The value of 19th century clubs and balls has seen the biggest increases in the past twenty years.
In 1990, at a U.S. auction in Cincinnati, one collector paid the then world-record price of £7,550 ($11,550) for a 150-year-old "feathery" golf ball, made by ball designer, Allan Robertson in Scotland.
Since then, the demand for clubs and balls has increased; highlighted in a 2004 Christie's sale of an 1840 Hugh Philp designed "Scared Head Long Nosed Putter". Philp was the first designer to focus on slim, curved wooden designed clubs and they remain some of the most sought after collectibles on the market, with this rare putter selling for £23,900 ($44,260).
Photographs and artwork also dominate the high end of the collectibles market. One 1930 photograph, depicting golfer Bobby Jones, with his four major tournament titles won during that "grand slam" year, sold for £8,800 ($13,145).
Paintings by Scottish artist Craig Campbell also offer artistic and financial rewards to collectors. Campbell's famous portrait of Jack Nicklaus fetched £18,000 ($27,000) at a 2006 Bonhams auction, while a 2007 picture of Tiger Woods sold for £12,500 ($19,000).

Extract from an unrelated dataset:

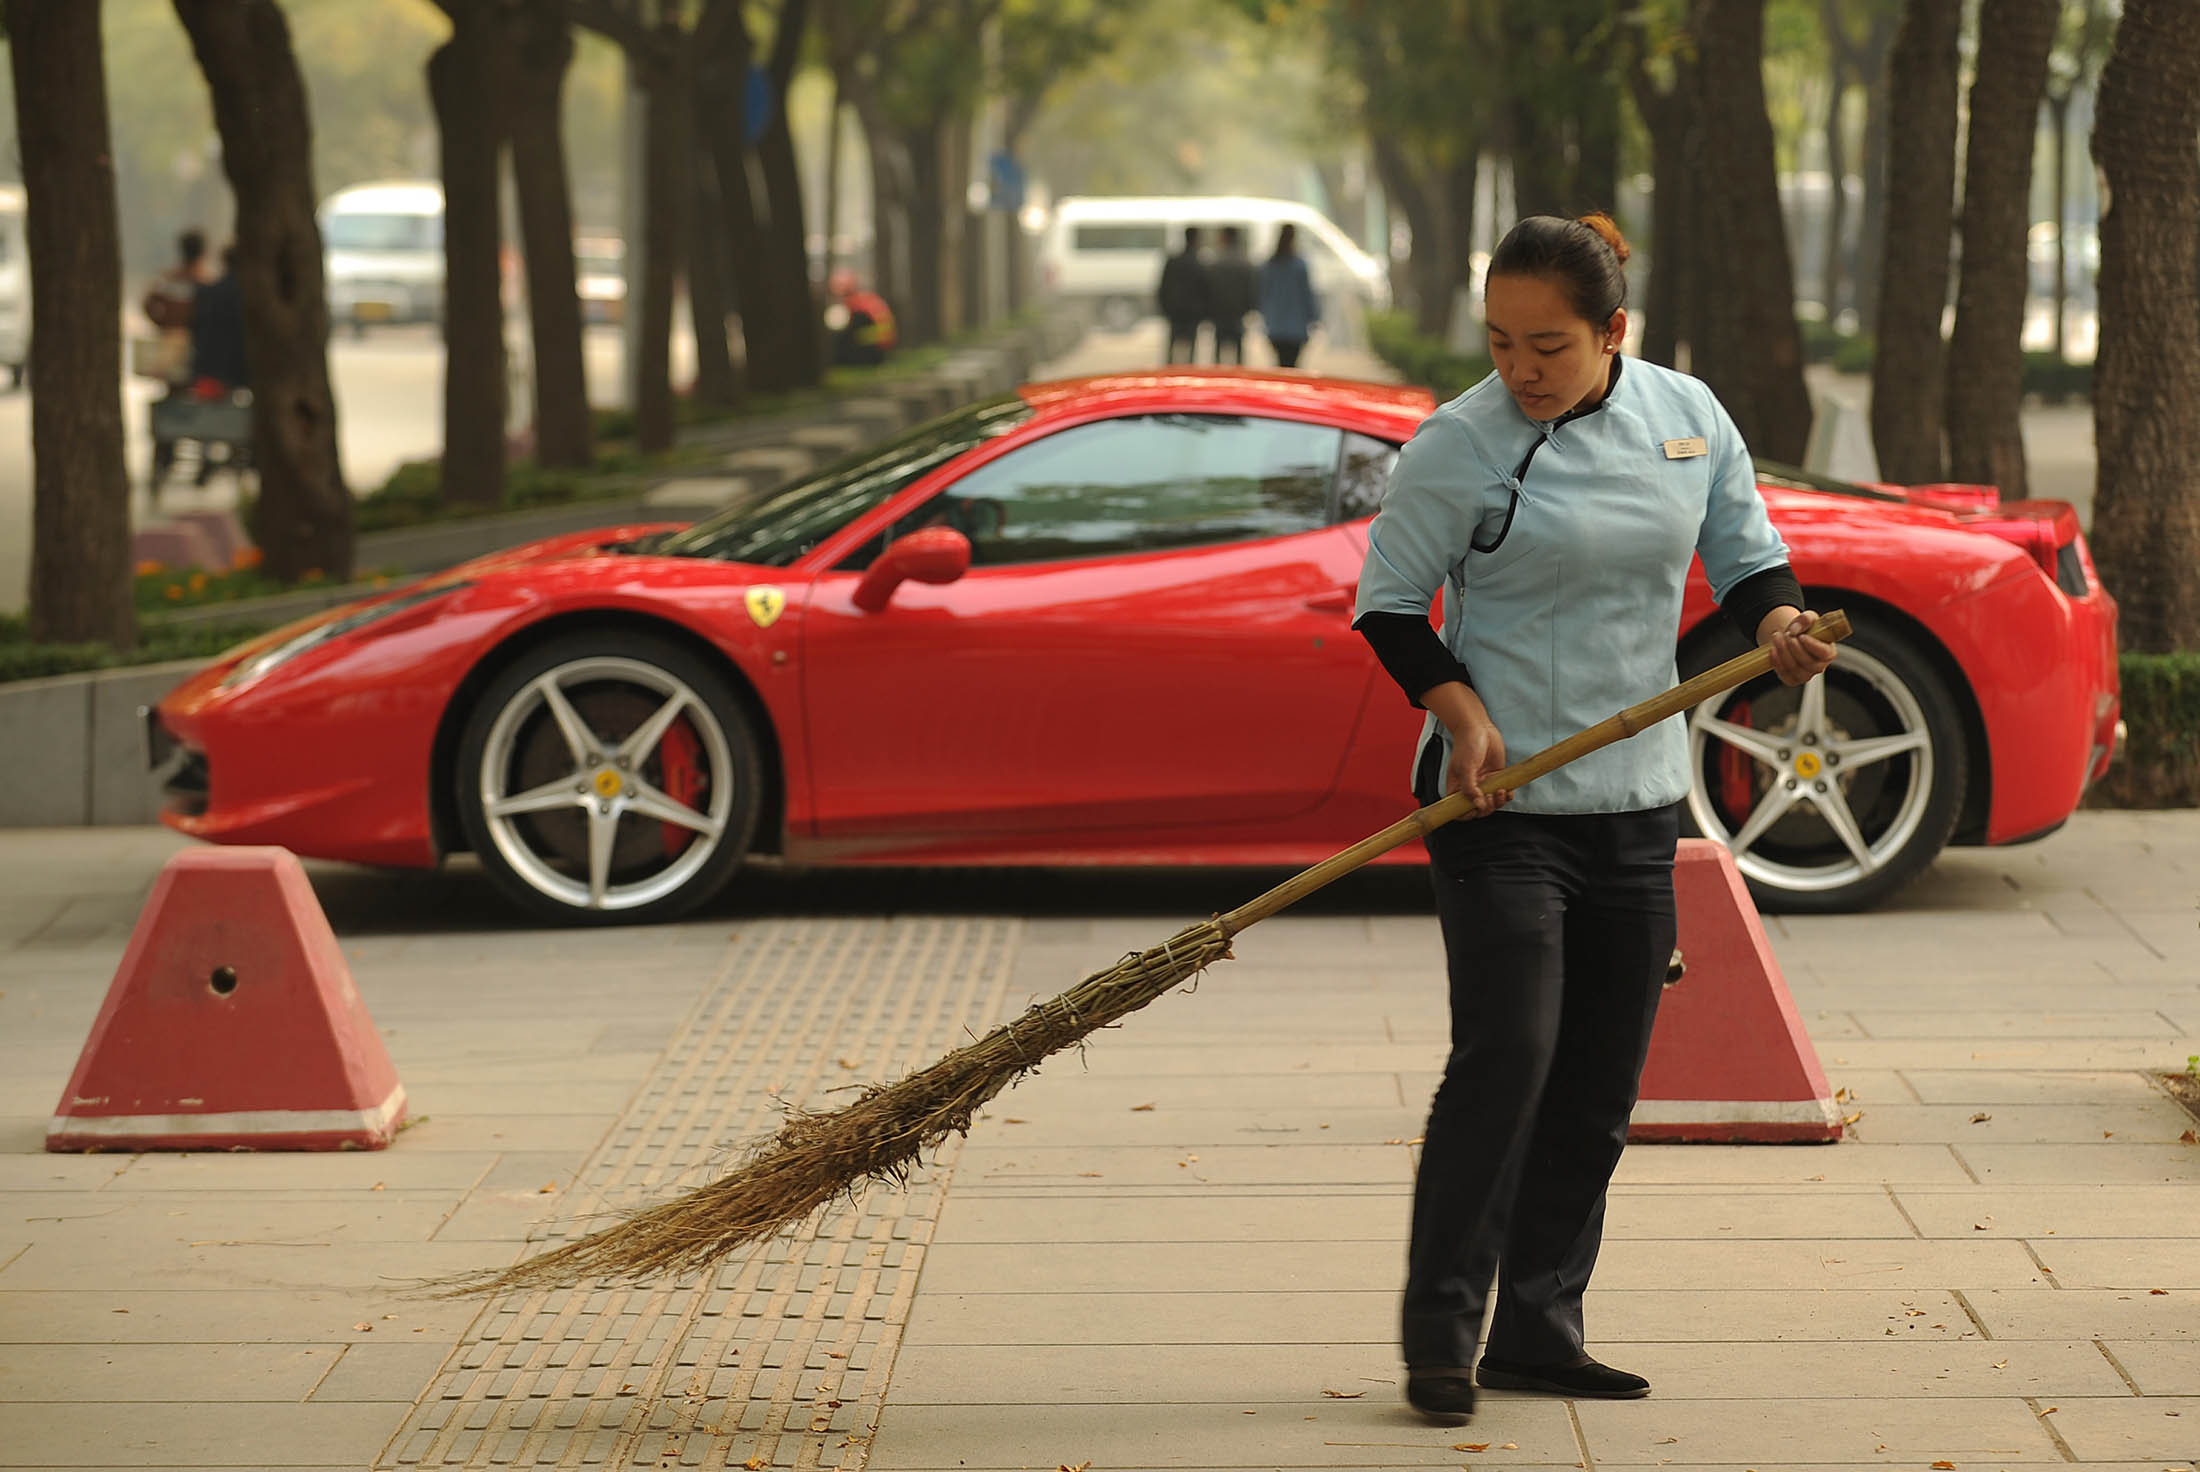 A woman sweeps leaves in front of a new Ferrari 458 Italia in Beijing on October 28, 2011. The head of the European bail-out fund dampened hopes October 28 that China Would come to a debt-stricken EU's rescue, but left the door open for a deal with the world's second-biggest economy. AFP PHOTO / Peter PARKS (Photo credit should read PETER PARKS/AFP/Getty Images)

Art related to the game has also continued to prove in demand, with artist Stephen Shankland recently commissioned to paint a portrait of Arnold Palmer.
Memorabilia relating to post war tournaments currently leads the market in terms of prices at auction.

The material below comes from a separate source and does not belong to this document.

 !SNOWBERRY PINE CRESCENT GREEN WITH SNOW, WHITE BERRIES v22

A signed photo dating back to the 1949 Masters Series came up for auction in April this year. The photograph essentially represented a get well card made out to golfer Ben Hogan, who had been involved in a car accident prior to the start of the competition.
It featured the 97 signatures of every participant in the 1949 tournament, including eleven masters winners and sold for £20,050 ($31,070).
Prices in the market are also being driven up by interest from institutions like St Andrews' British golf museum and the National Sports Collectors Convention in Anaheim. However, the last decade has also seen the continuing emergence of golf in China, with 1 million currently playing the game, and more from the population of nearly 1.3 billion sure to follow.
The country did not have its first golf course until 1984, and introduced its first teaching golf professional ten years later. Today according to the Senior VP of Sports event giant IMG, Mark Adams "China is the biggest market for golf course development" and with 200 courses open and a further 100 under construction he's not far wrong.
Financial experts Capgemini have projected increasing global economic affluence to come to China, meaning increasing levels of disposable income. The developing interest in golf and its professional history in China have also been encouraged by the emergence of professionals like China's Zhang Lianwei and the growth of Asian tournaments on the PGA Tour.
All of which points to huge potential for the growth of golf in China over the next twenty years, with memorabilia also expected to gain popularity as recognition of the sport continues to develop.
Furthermore, with increased involvement from Chinese fans, museums and institutions alike, sales of Golfing, could prove hugely popular, for fans of history, artistry and most importantly golf. One day, there may even be Rory McIlroy memorabilia for sale.